What you should do → Line by line, repeat the material below exactly and skip the images.
------ Given material ------
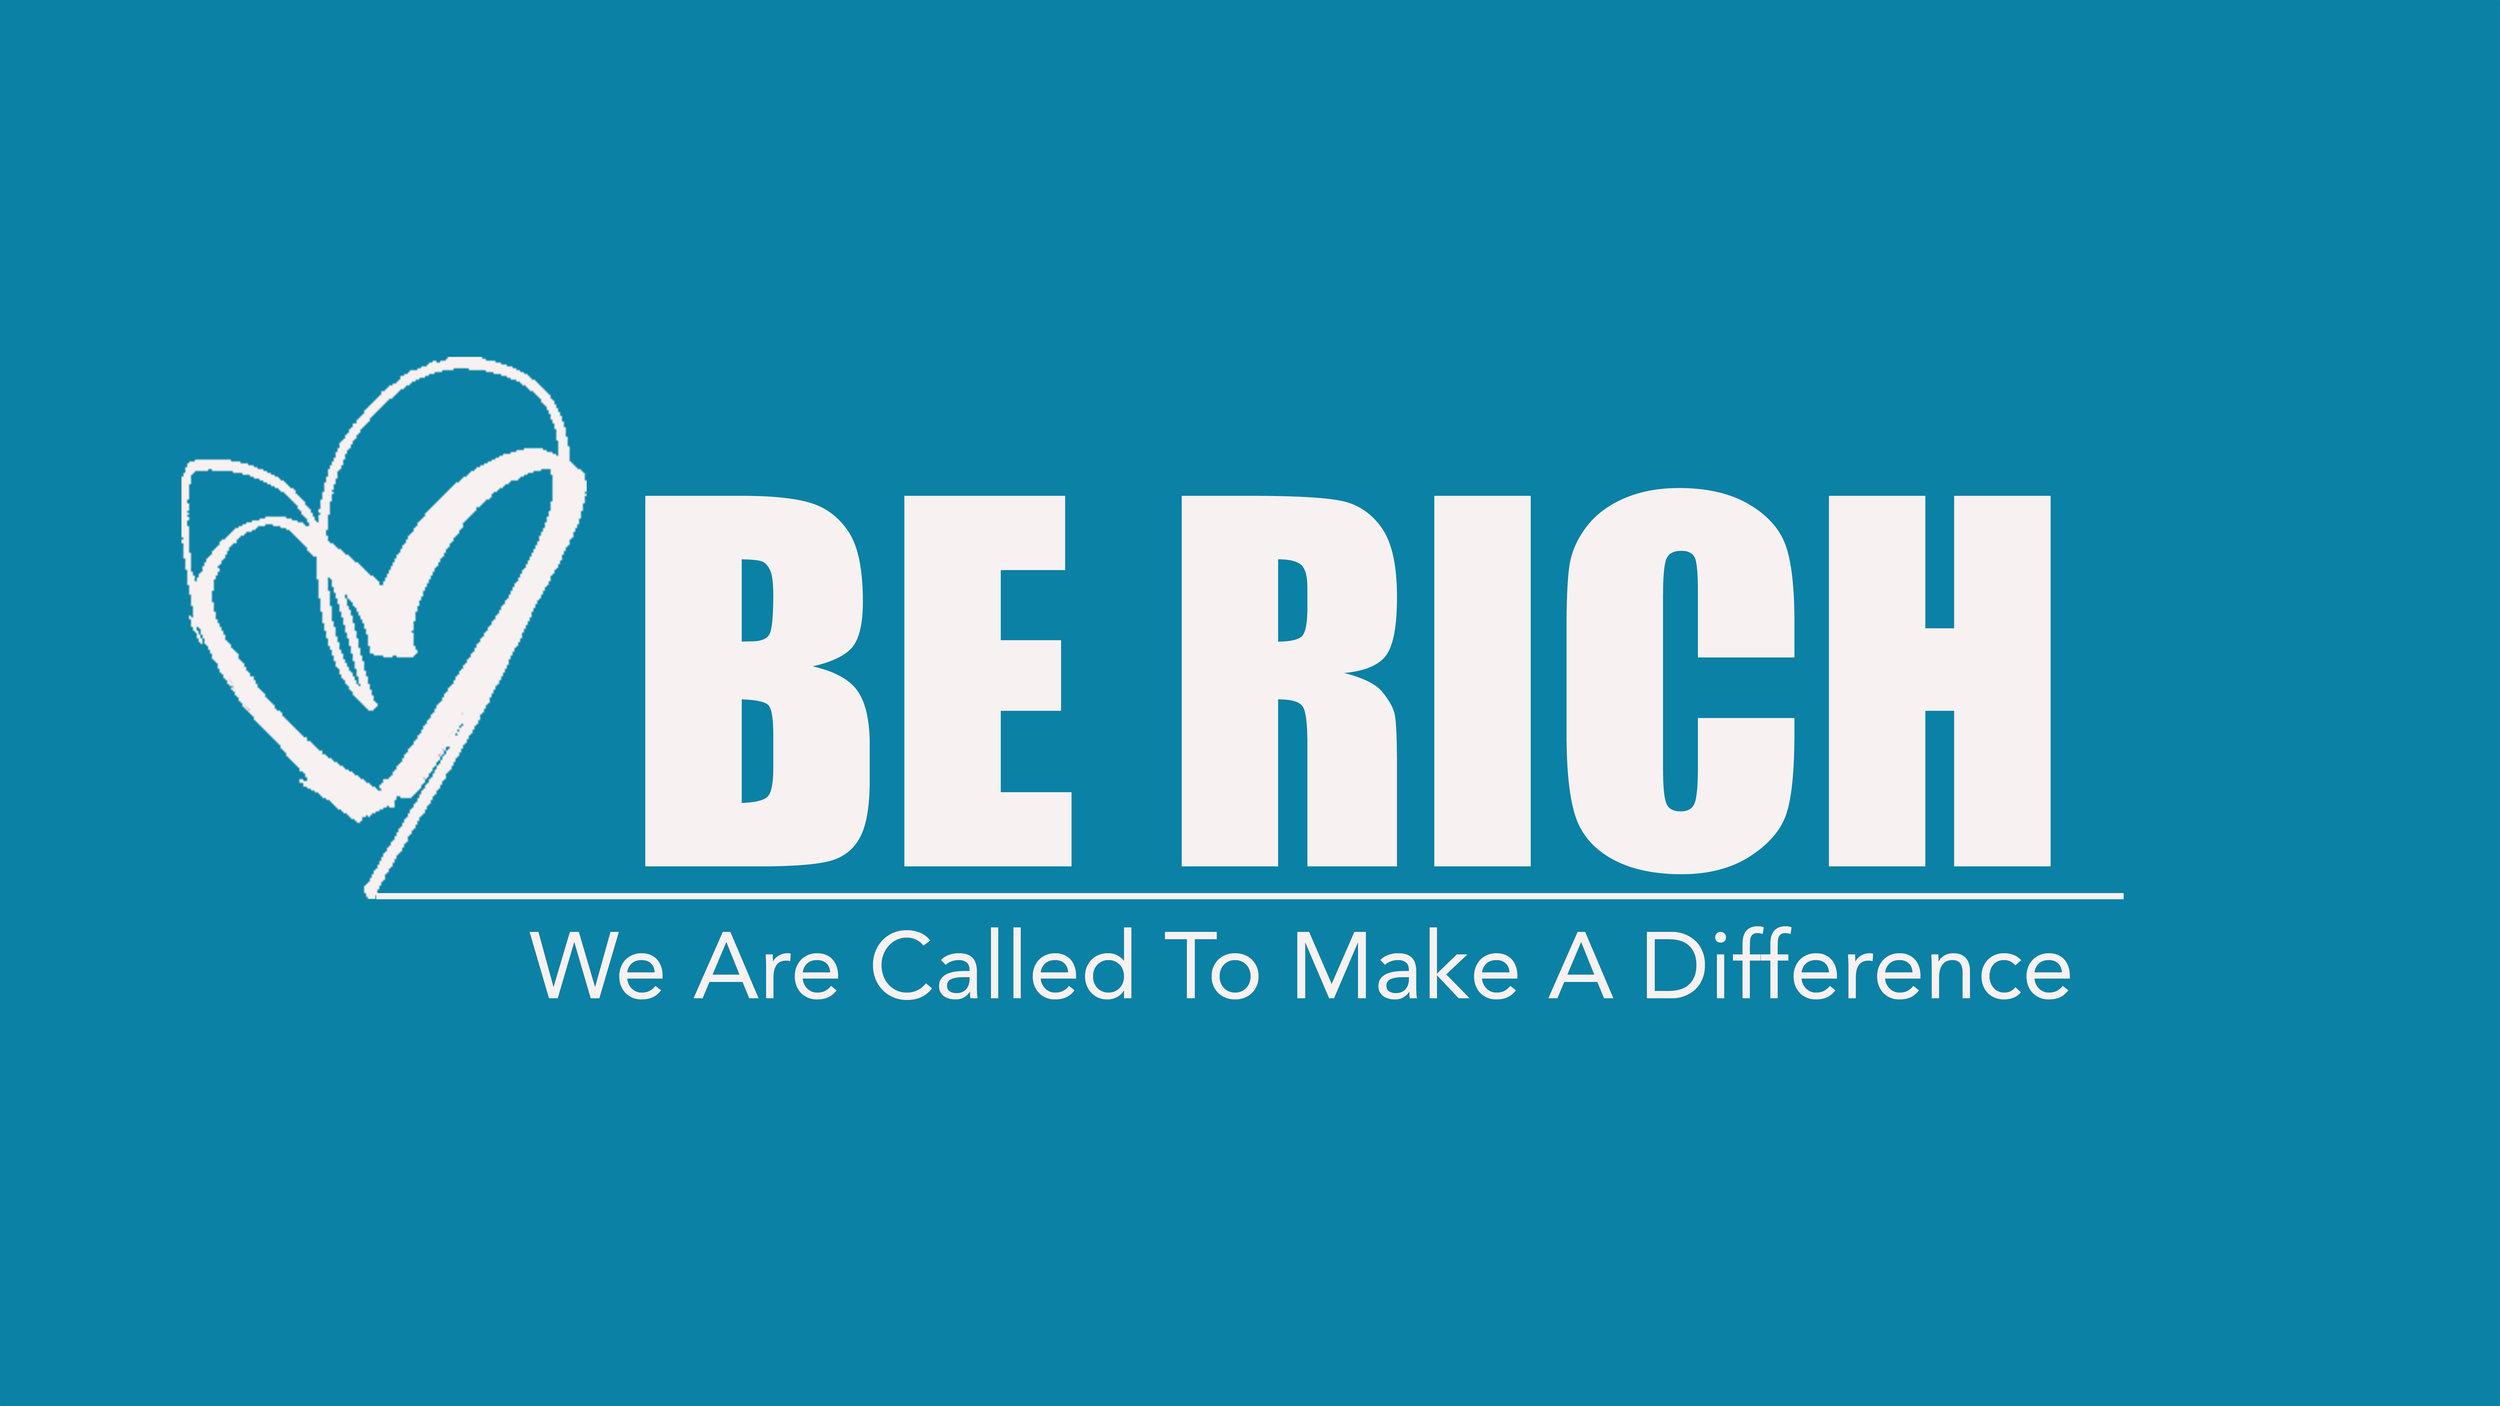 Be_Rich_300.jpg
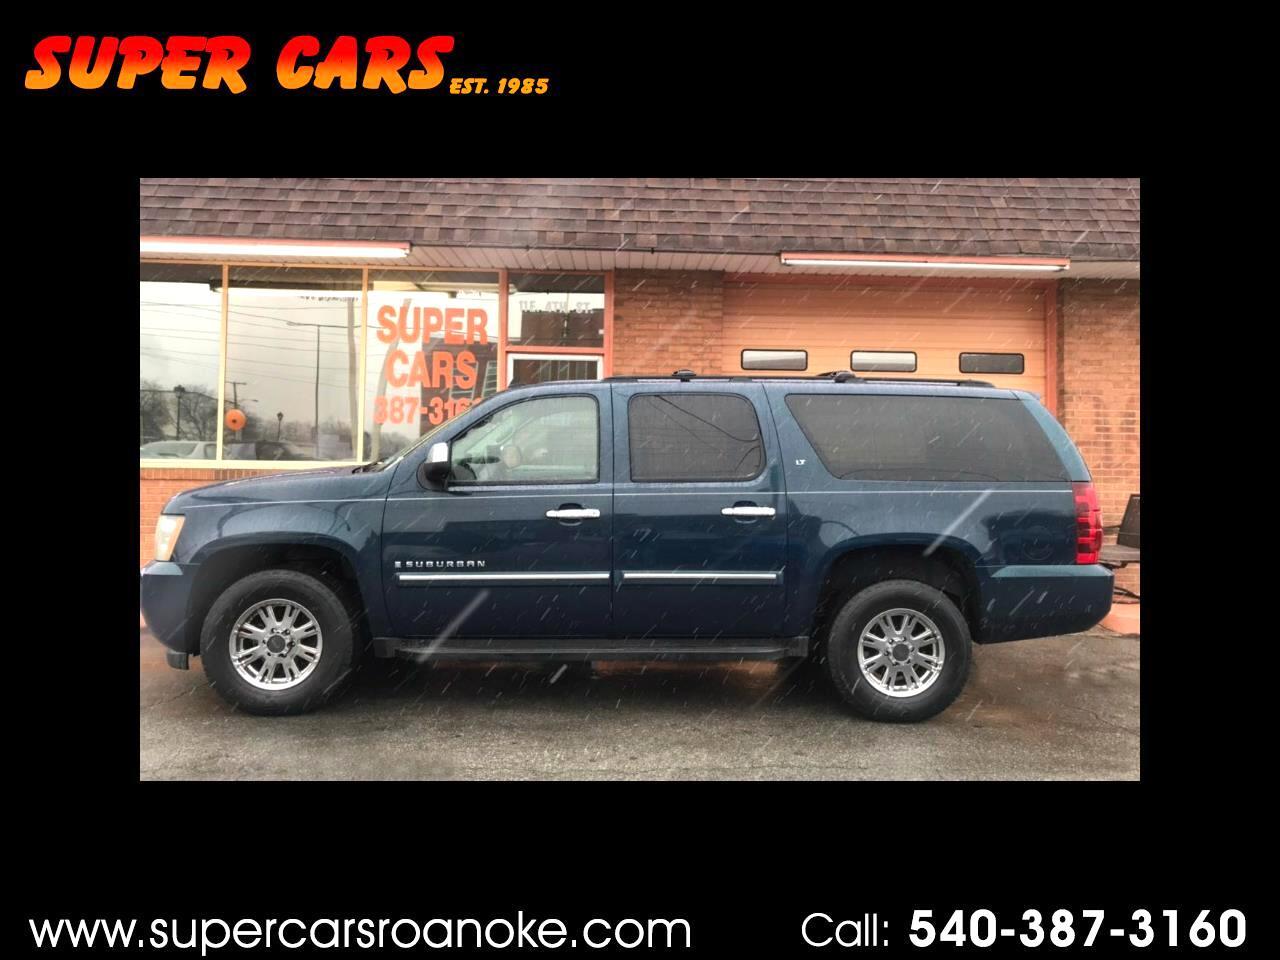 2007 Chevrolet Suburban LT2 1500 4WD
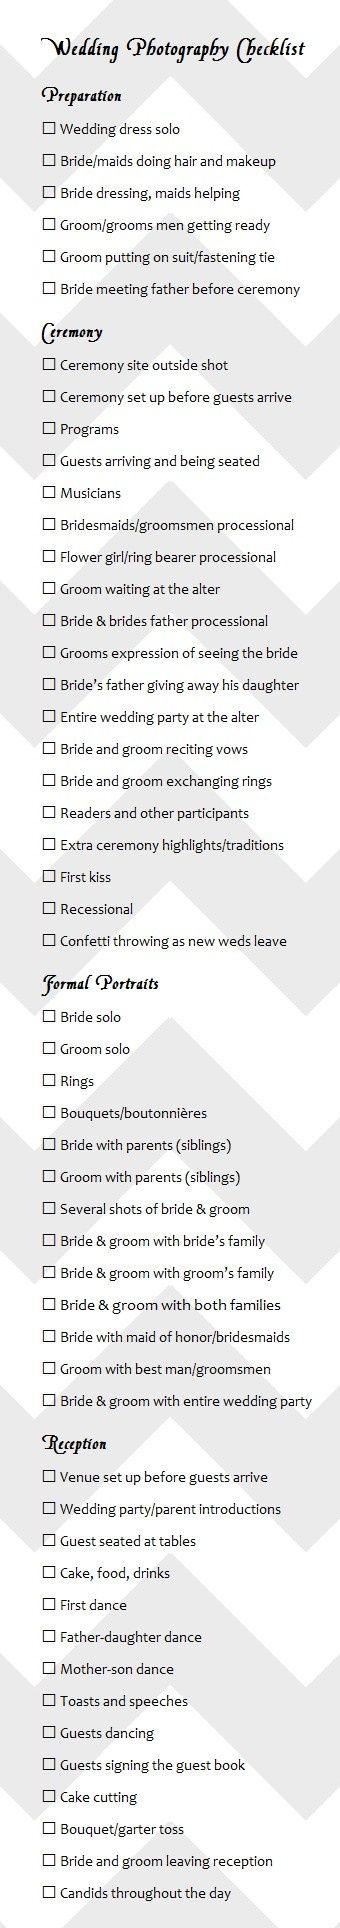 wedding photography checklist best photos - wedding photography  - cuteweddingideas.com
------
Result →
 Be_Rich_300.jpg
 2007 Chevrolet Suburban LT2 1500 4WD
 wedding photography checklist best photos - wedding photography  - cuteweddingideas.com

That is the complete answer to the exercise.